Report shows law and order policy is failing
Simon Power MP
National Party Law & Order Spokesman
14 July 2006
Report shows law and order policy is failing
A confidential Treasury report obtained by National Law and Order spokesman Simon Power reveals that crime is costing the country $9.1 billion a year, and that Labour’s strategy to reduce crime is woefully inadequate.
“The Treasury report makes the point that the most costly crimes are against the person, such as violent and sexual offences and robbery, which contribute to almost half of the total cost of crime.
“And it is precisely these types of violent crimes that have increased under Labour.”
According to the most recent crime statistics, violent crime rose 6.9% last year - the biggest rise in any single year since 2000 - and has now risen by 16% in total since 2000.
“But if you are to believe Labour, the biggest challenge facing the law and order portfolio is that we have too many prison inmates,” says Mr Power.
Labour is currently looking at ways to reduce the number of prisoners by softening the sentences that apply to them, using methods like electronic monitoring for remand prisoners who would otherwise be in jail.
“Unlike Labour, National will not accept a lower standard of public safety, just because it’s ‘embarrassed’, to use the Corrections Minister’s own words.
“Cutting crime and the reducing the costs to victims should be the focus, not the number of prisoners.”
Of course, the best way to reduce the number of prisoners is to cut crime, but the Treasury report also reveals that Labour’s Crime Reduction Strategy is a failure.
“The report states that the strategy appears to have no over-arching goal, is not linked to justice sector spending, and that there is limited measurement of outcomes. The review of the effectiveness of interventions is ‘less than ideal’, and there is unclear accountability for implementing the strategy.

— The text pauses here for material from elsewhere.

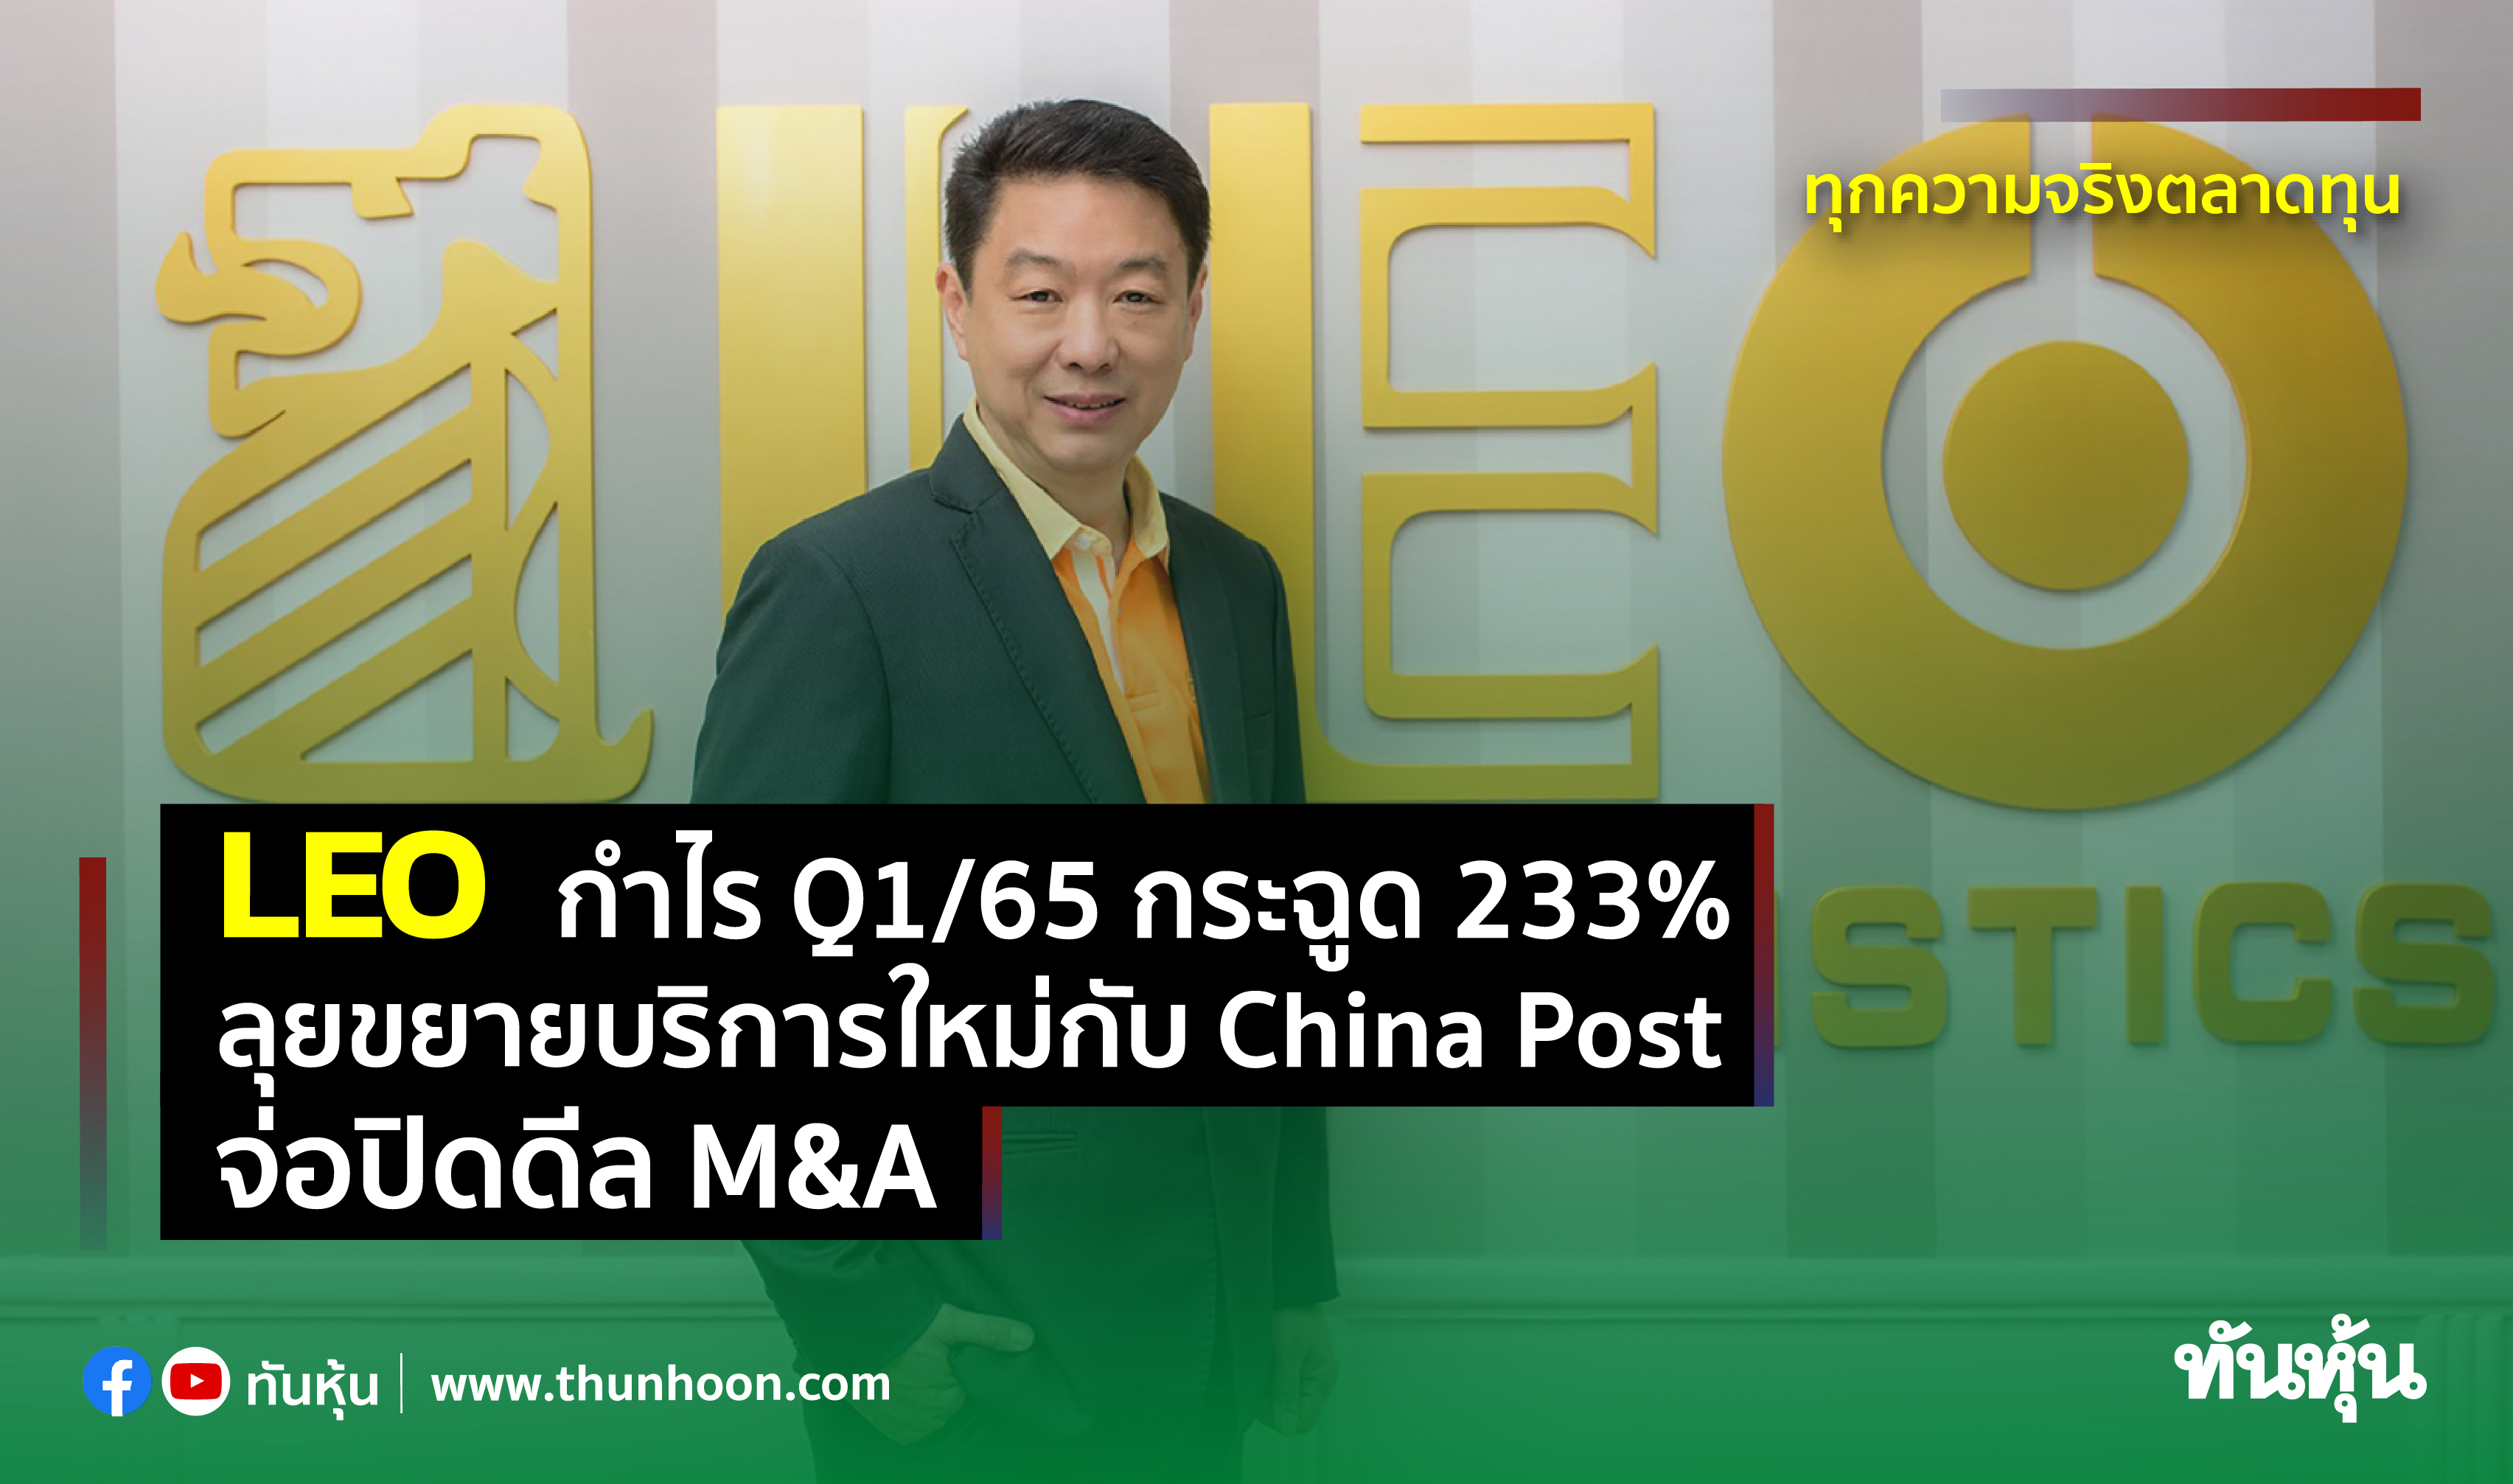 LEO กำไร Q1/65 กระฉูด 233% ลุยขยายบริการใหม่กับ China Post จ่อปิดดีล M&A

“What I find particularly disturbing is that the Crime Reduction Strategy has ‘no particular focus on stopping inter-generational crime or consideration of the role of early interventions in areas such as education, health, income support and housing’.
“What good is a crime reduction strategy that does not address the factors that might actually reduce crime?
“Yet again, Labour has spent its time in government pumping out ‘strategy documents’ which have no bearing on reality,” says Mr Power.